- What you have to do: Each line in the data must be reproduced as written, except for any picture.

- Recorded information:

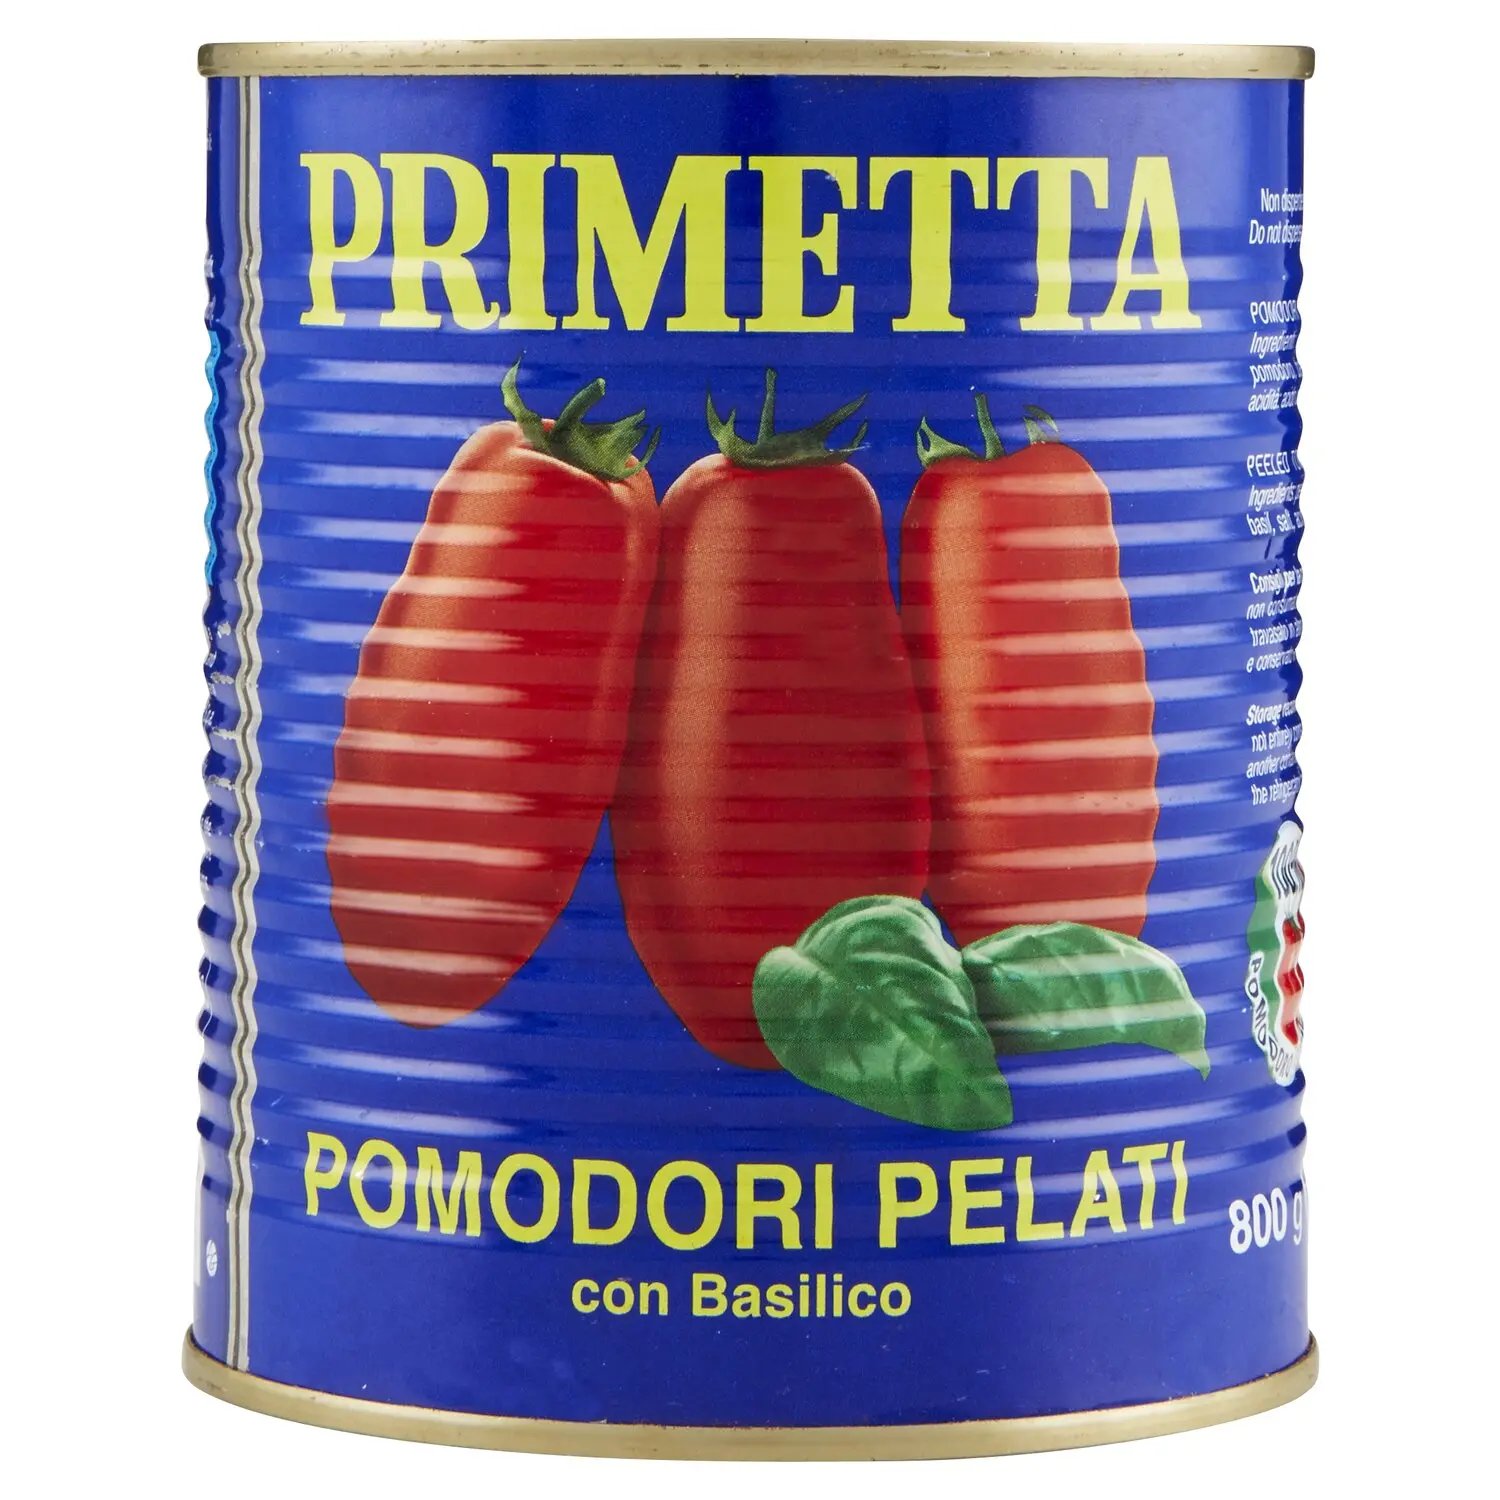 Primetta Pomodori Pelati con Basilico 800 g
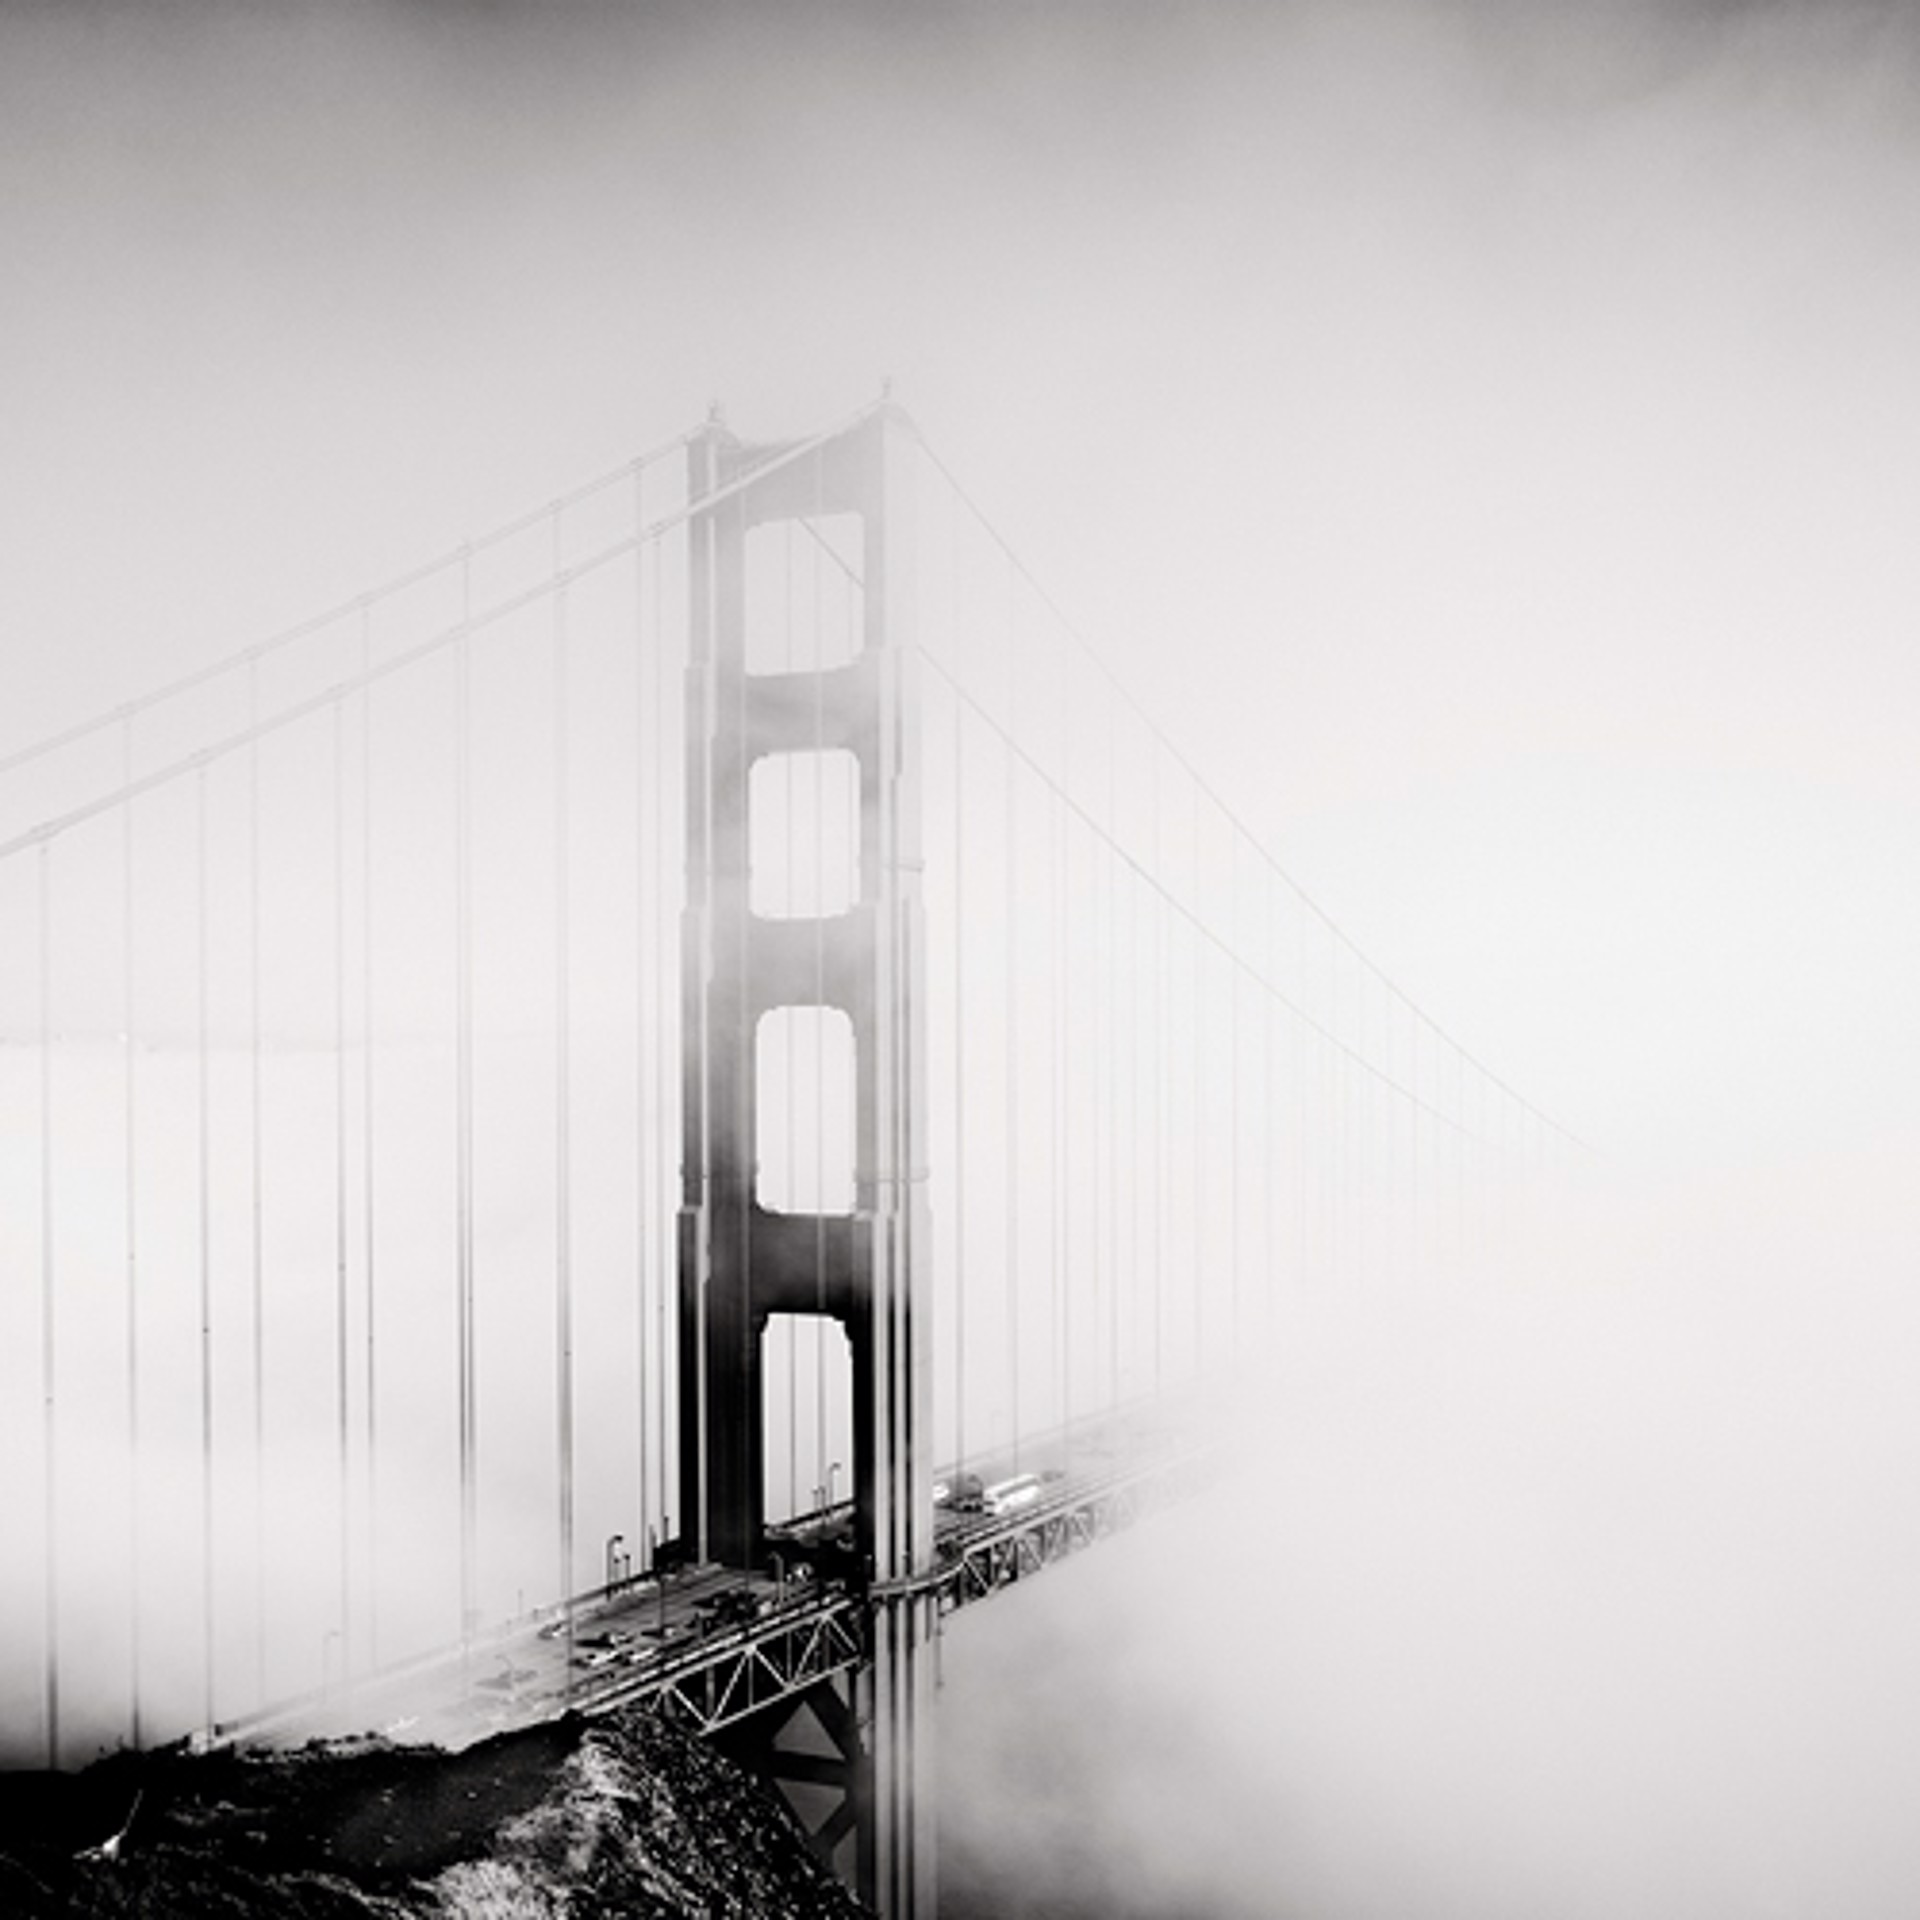 Golden Gate, Study 2 by Josef Hoflehner
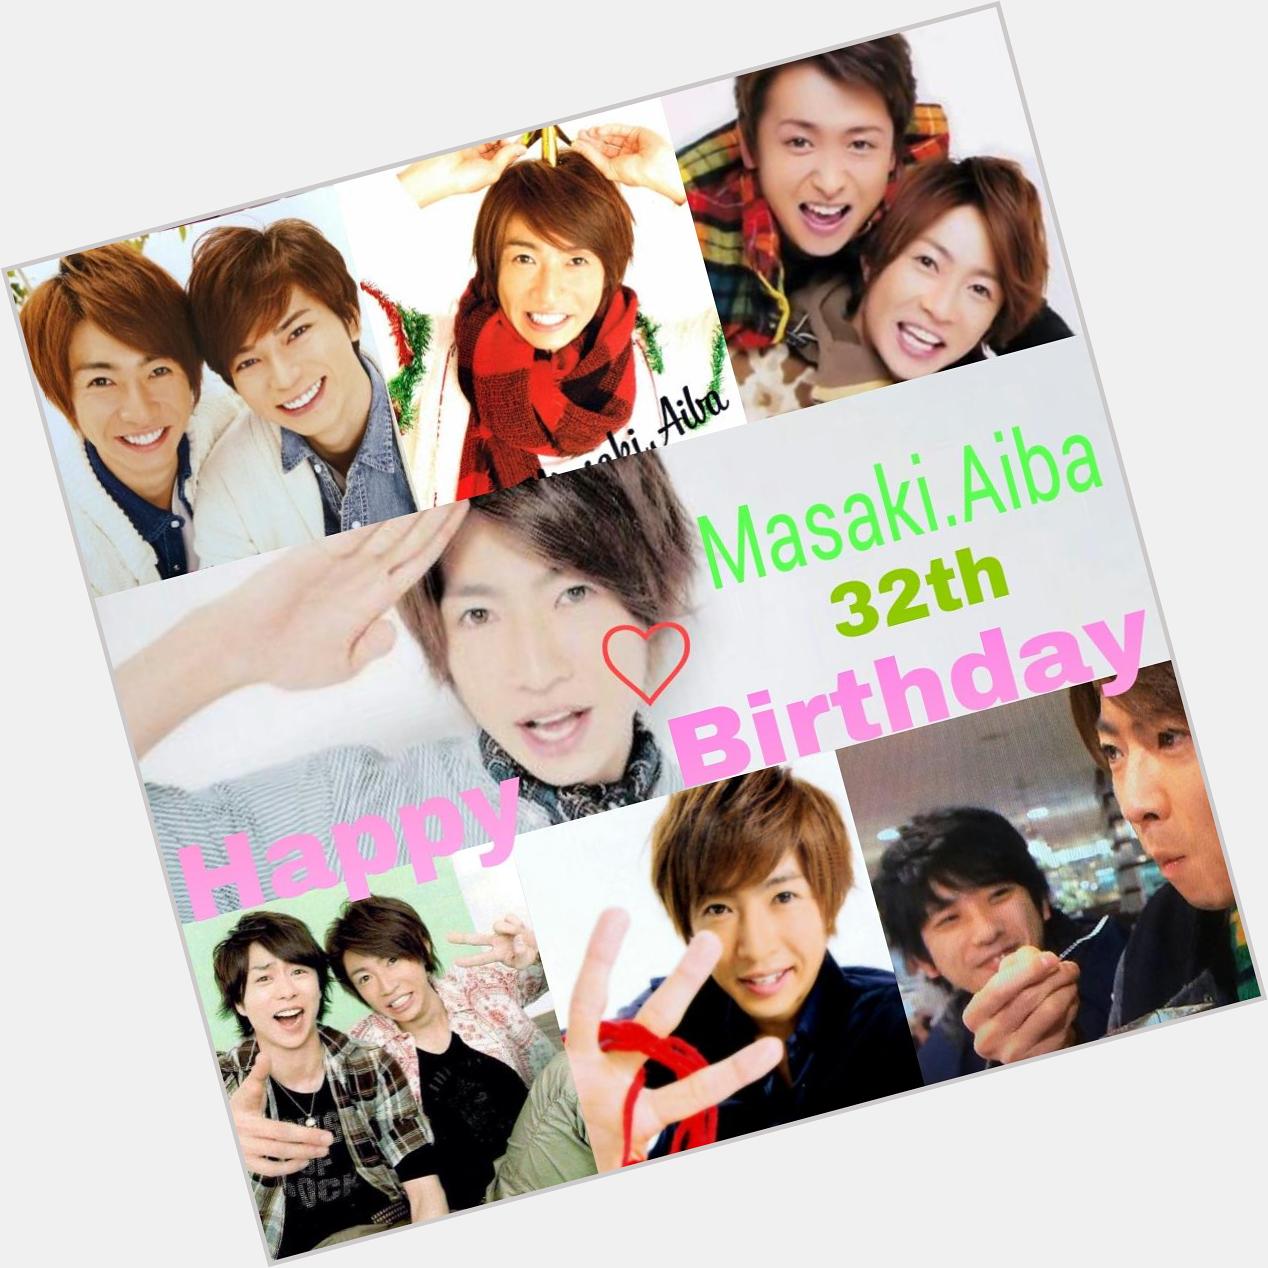 Masaki.Aiba   Happy Birthday  
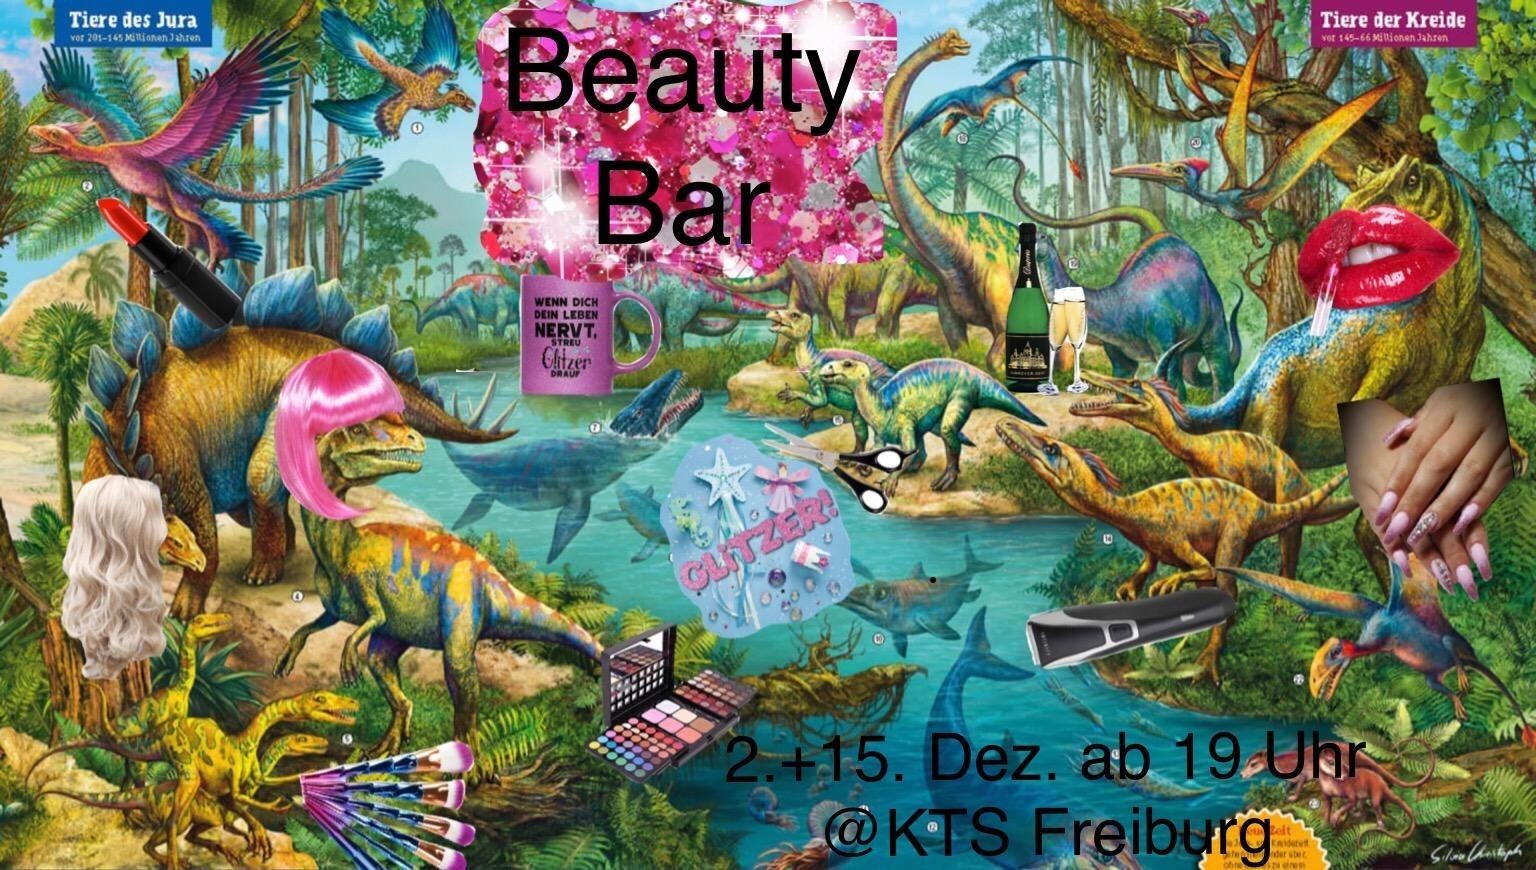 Werbebild für die BeautyBar mit vielen Dinos mit Perücken

- Output for this task:
 Primetta Pomodori Pelati con Basilico 800 g
 Golden Gate, Study 2 by Josef Hoflehner
 Masaki.Aiba   Happy Birthday  
 Werbebild für die BeautyBar mit vielen Dinos mit Perücken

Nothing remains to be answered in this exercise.